4-5 登板<リリーフ>、ドラゴンフォース
『ドラゴン!!』
カートリッジが喋った。
「なんだ、これ」
「それは……聞いた事あんで。伝説の装備や」
アクト同様に呆気に取られていた魔王が言った。
「実在したのか……ほんまか」
「なんですコレ」
「あんさんが鑑定した通りやねん。人間化のブレスレット。魔物が使うと人間になれるって聞いたことあんで」
「……」
アクトはそれを聞いて考える。
いや、人間化というか、これは、何か別なのではないかと。
何故そう思うかと言えば簡単で、アクトは似たような、いや、全く形状は違うし、仕組みも違うのだが、それでも似ていると言いたくなるような物を見た事があった。
元の世界で。主に、家電量販店や、デパートで。
「………………えーーーーーーーい!!ままよ!!」
アクトは過ぎる考えを振り払いながら、ヤケクソになった。このまま何もしなければジリ貧である。自分が何かをしなければならない。

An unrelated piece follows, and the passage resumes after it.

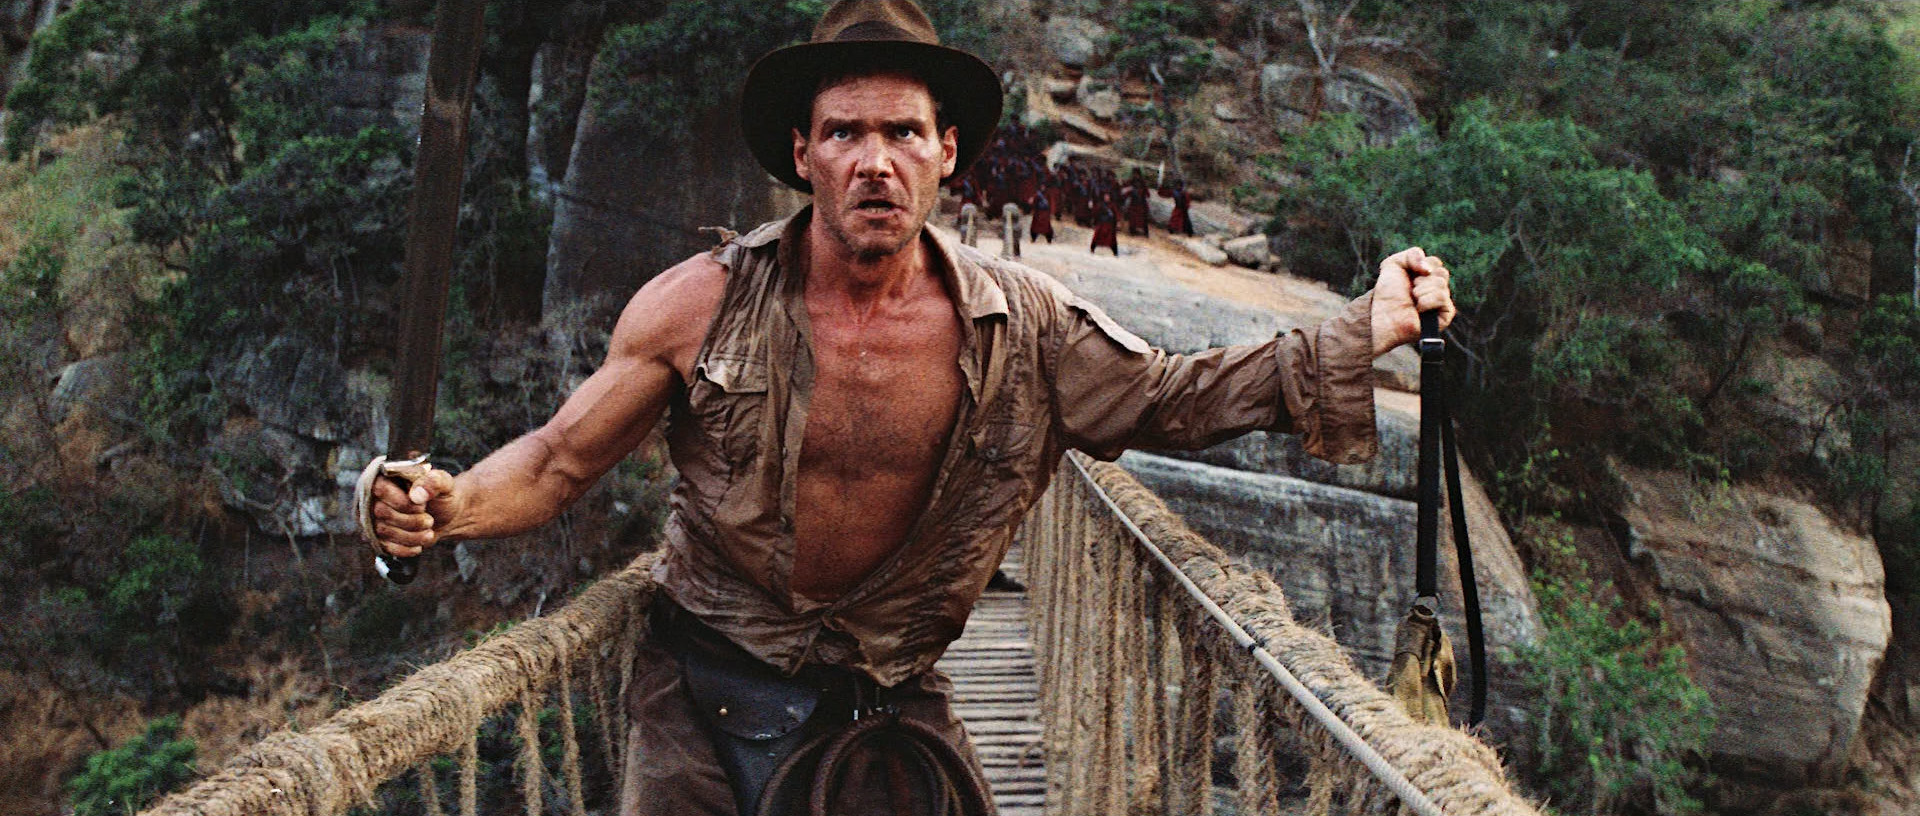 Indiana Jones: The Temple of Doom

アクトはリリーフカードと書かれたそれのボタンを押した。
『ドラゴン!!』
そしてそのカードを、ブレスレットに装填する。転生前の記憶が、幼少の頃の思い出が彼の体を勝手に動かした。
『リリーフ!!』
すると、ブレスレットの宝石からドラゴンの顔がスライドして出現し、そしてどこからかBGMが流れ出した。
「ああ、もう、こういう奴か!!」
なんでこんな事に!!と心の中で叫びながらも、ブレスレットの宝石を強く押した。
『1番、ドラゴン、アクト・ヴァーディ。』
球場で聞く様なアナウンスが流れ、アクトの肉体がドラゴンへと戻り、そして改めて人間の形を取り、そしてその肉体から何かが飛び出す。服は何故か消えて全身タイツのような状態になっている。
「ビギャァァァァァッ!!」
飛び出したそれはアクトの背中で咆哮を上げた。
それは赤い鱗を模した、ドラゴンの形の鎧のようであった。そしてその形状は、アクトのドラゴン時のそれに酷似していた。
「えっと?これはどうすれば?」
アクトがジロジロとブレスレットを見ると、レバーが一本余っているのを見つけた。それをスライドさせると、宝石とドラゴンの顔が連動するようにスライドし、カードを隠す。
『抽出!!』
カードが完全に隠れたところでブレスレットが叫ぶ。
「え?なんて?」
アクトがブレスレットの方を見る。
『♪燃える炎を身に纏い〜紅蓮の力が湧き上がる〜!』
ブレスレットから響く音、否歌と共に、ドラゴンの鎧がバラバラに別れ、全身タイツとなったアクトへと纏わりつく。
「うわっ、うわっ、痛っ!!いや痛くは無いか!?」
ガチン、ガチンと音を立てて足に、腕に、鎧が装着されていく。
そしてアクトが後ろを振り向くと、ドラゴンの頭がパックリと口を開けている。
「わわわわわわ顔がぁぁぁぁぁ!!」
彼の頭にドラゴンが噛み付く。瞬間、ドラゴンの頭部が鎧となり、アクトの顔へと装着される。
「うへえ……びっくりした」
アクトの驚きを無視するように、ブレスレットは叫ぶ。
『♪ドーラーゴーンフォォォォォォォス!!』
ドラゴンの口にクリアパーツのゴーグルーーバイザーが現れ、アクトの目をを隠す。
「こ、これが伝説の……エクストラクター……!!」
魔王が唖然としながらも恍惚の声を上げる。
そこには、竜の鎧を装備した、アクト・ヴァーディの姿があった。